Bepalen van mogelijke eigen bijdrage aan gecreëerd toekomstbeeld

  1. Dan loop je door, en aan het einde van de lange gang is een deur.
  2. Je loopt die deur door en komt in een hele mooie, grote en lichte kamer met overal glas en een ruim uitzicht.
  3. Daar zitten alle teamgenoten die ook hier, nu, vandaag aanwezig zijn.
  4. Iedereen heeft een wit briefje voor zich op tafel liggen.
  5. Jij gaat zitten en ook voor jou ligt er een wit briefje
  6. Op dat witte briefje schrijf je wat jij graag wil bijdragen aan het beeld dat je net gezien hebt.
  7. Op welke manier kan jij, wat jij te bieden hebt, aanbieden aan deze groep mensen?
  8. Neem waar hoe je dit op het briefje schrijft.
  9. Als je klaar bent, leg je je briefje in het midden van de tafel, tussen de andere briefjes.
  10. Er ligt inmiddels een hele stapel briefjes van alle talenten, alle ervaringen, alle verlangens van al je teamgenoten die in deze formatie van mensen graag samen aan een doel willen werken.
  11. Als je klaar bent, leg je je briefje in het midden.

Afronding van de oefening

  1. Je staat op en loopt achterwaarts richting de deur.
  2. Je loopt achterwaarts terug de gang over.
  3. Je kijkt nog een keer goed rond en je loopt verder terug. Nog steeds achterwaarts.
  4. Je loopt naar buiten tot je weer voor de spiegel van de toekomst staat.
  5. Je schuift het gordijn er weer voor.
  6. En je realiseert je dat dit een van de vele mogelijkheden is waar jij je creativiteit en creatiekracht aan bij kan laten dragen.
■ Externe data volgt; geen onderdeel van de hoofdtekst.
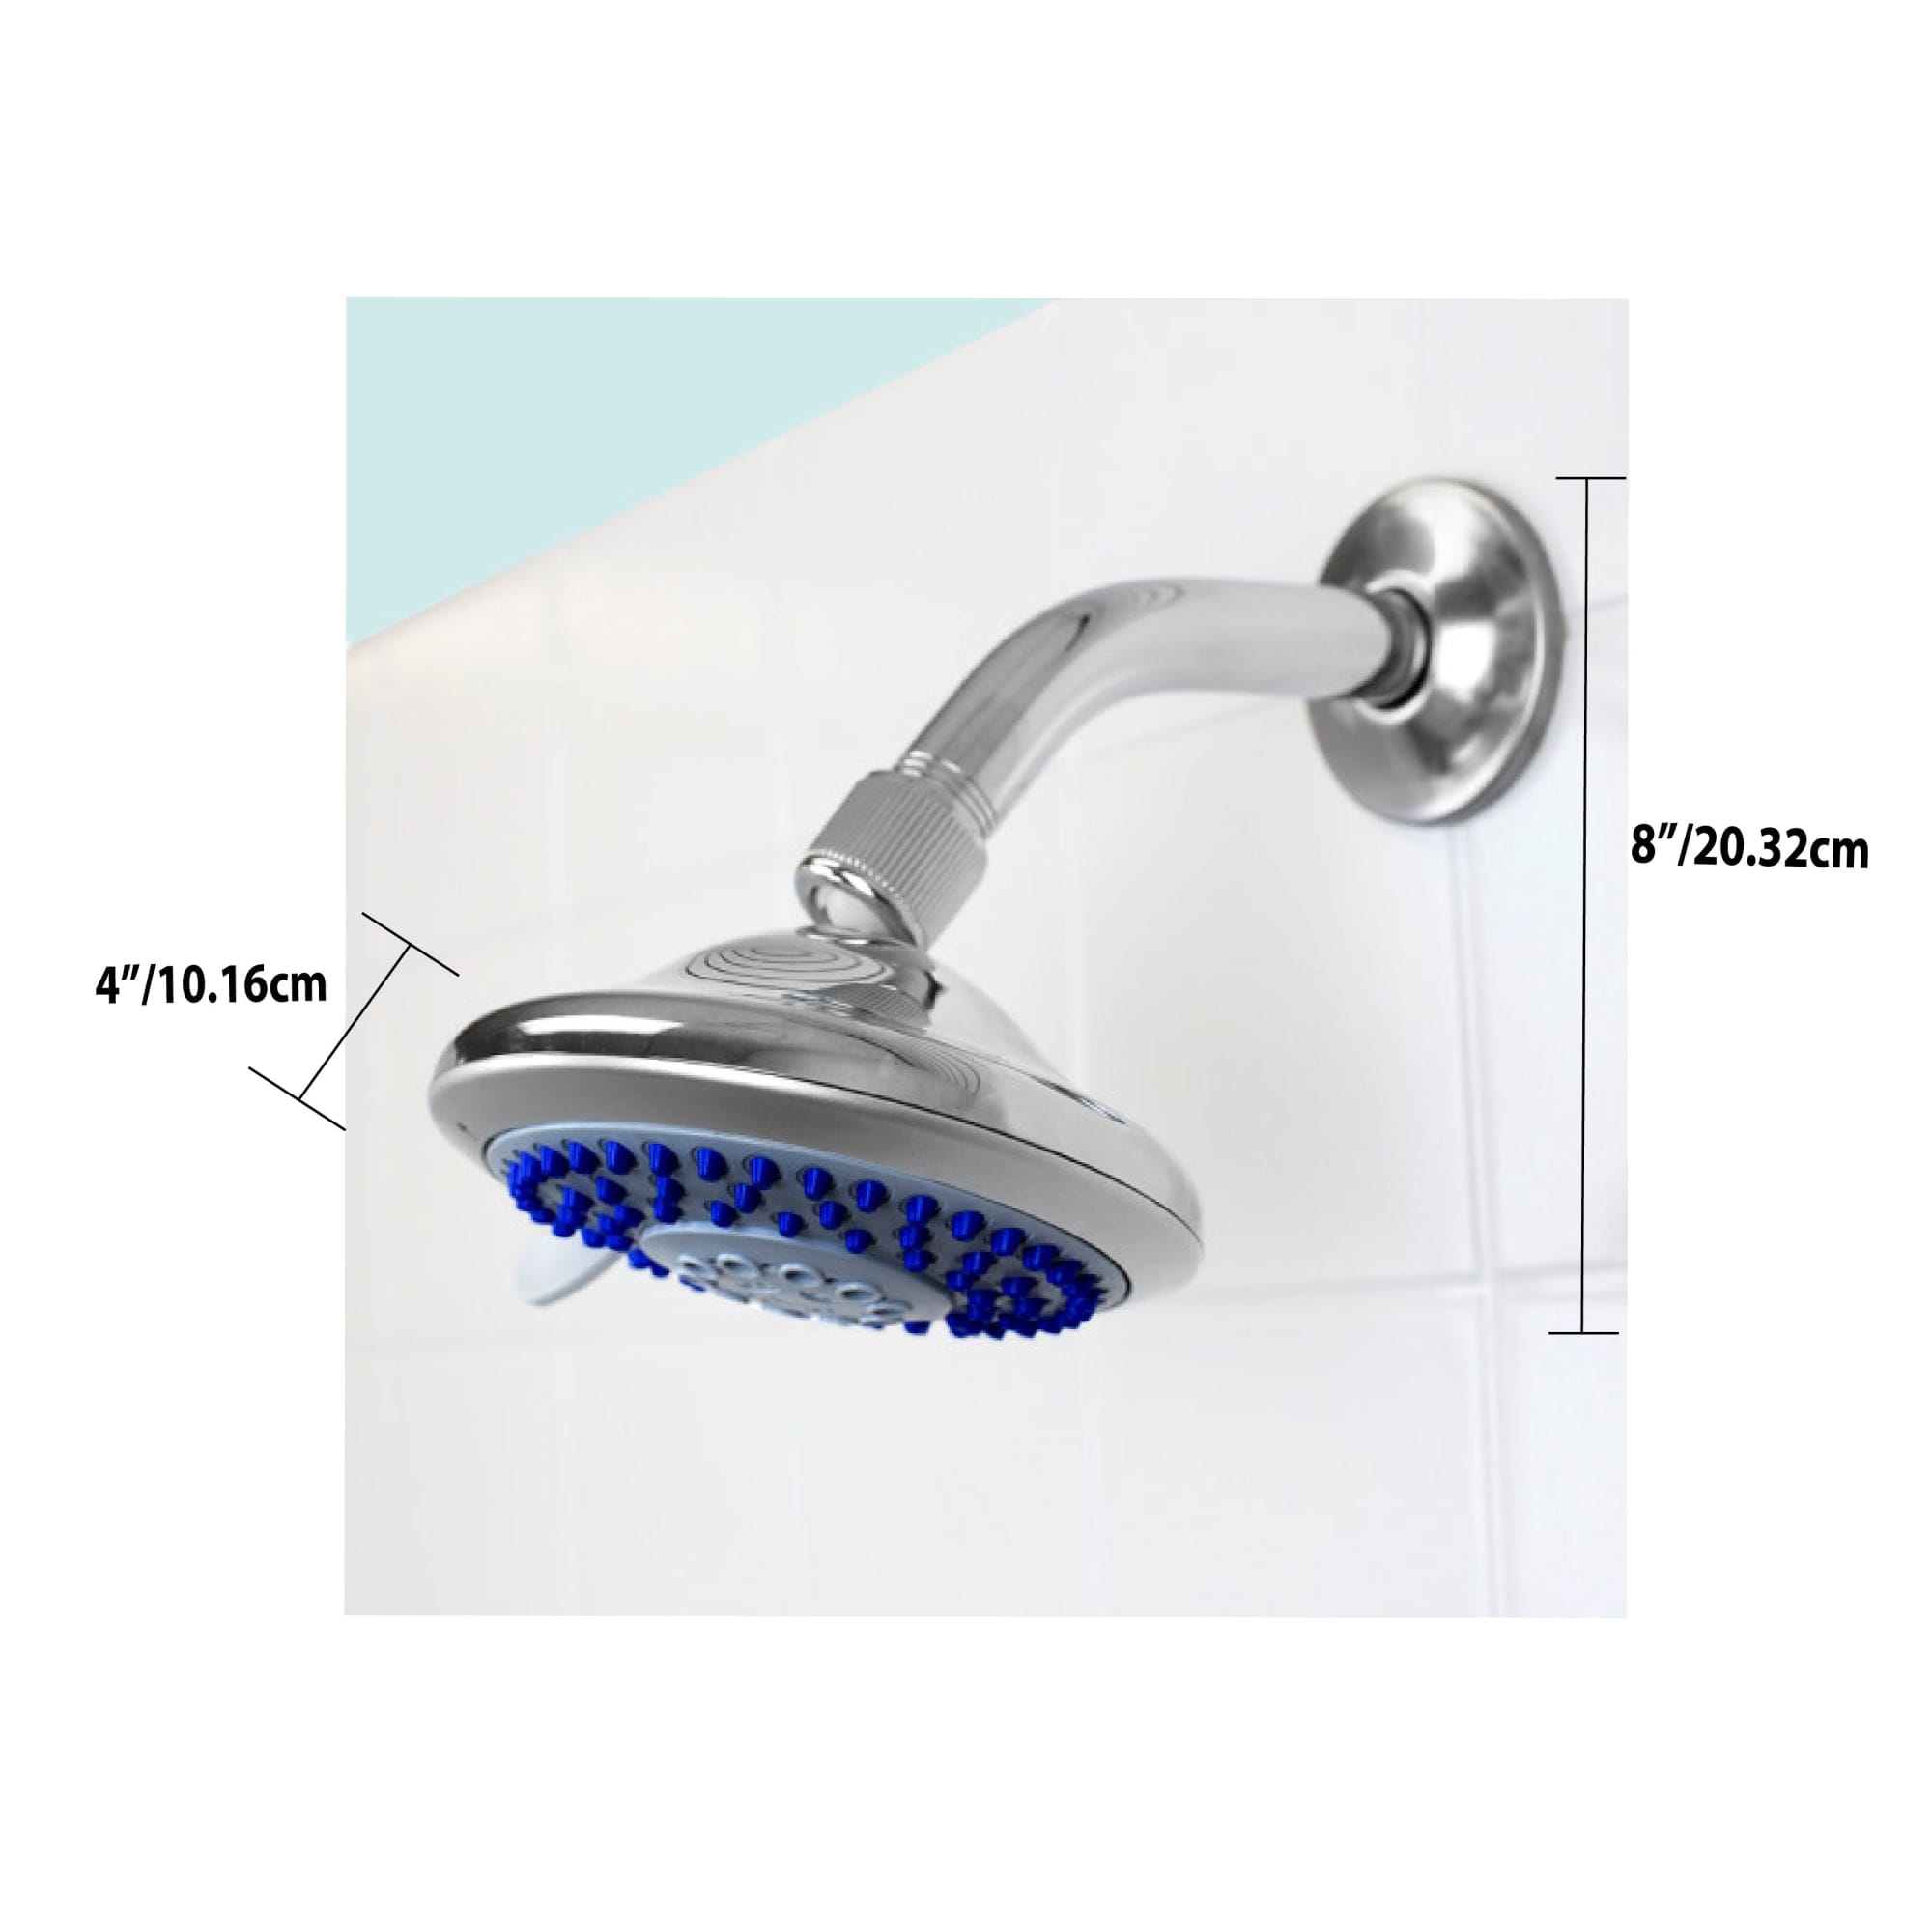 Home Basics  Luxury Retreat Fixed 5 Function Shower Head, Chrome $8.00 EACH, CASE PACK OF 12

  7. Het is geen verplichting, het is een mogelijkheid.
  8. En hoe meer je je aandacht er op focust, hoe waarschijnlijker dit scenario wordt.
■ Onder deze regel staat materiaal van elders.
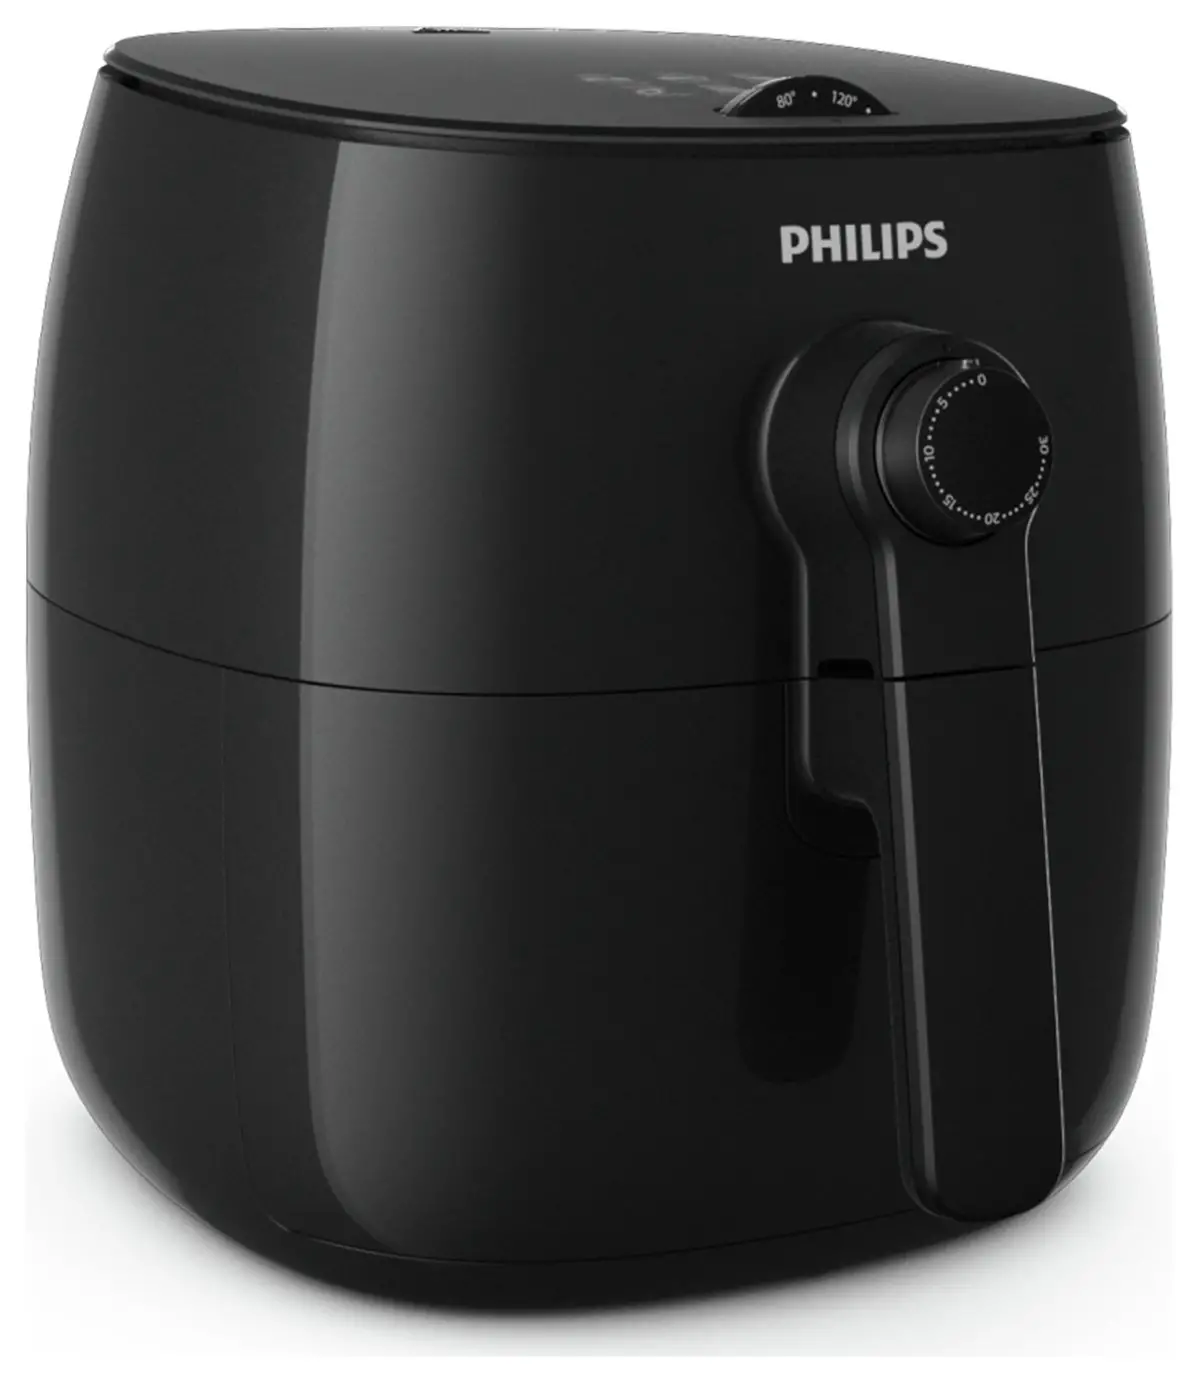 Philips Viva Collection Air Fryer HD9621/91 Reviews

  9. Je hebt altijd de keus om ook zo naar de andere onderdelen van de spiegel te kijken en meer details te laten ontstaan.
  10. Je bedankt de spiegel voor de beelden.
  11. Je stapt terug, achterwaarts door de spiegel van het nu
  12. Je kijkt nog 1 keer naar je talenten en naar hoever je bent gekomen. Naar de volle ingekleurde stukken.
  13. Naar de stukken die je vergeten was en die je wel bij je hebt
  14. En de stukken waar je eigenlijk meer tijd aan zou willen besteden omdat je er plezier in hebt.
  15. En naar de stukken van de spiegel die nog niets reflecteren.
  16. Je bedankt ook deze spiegel.
  17. Je loopt terug van de spiegel van het nu, naar het open veld.
  18. Als je terug in het open veld bent, kies je een mooie plek waar je gaat zitten of liggen.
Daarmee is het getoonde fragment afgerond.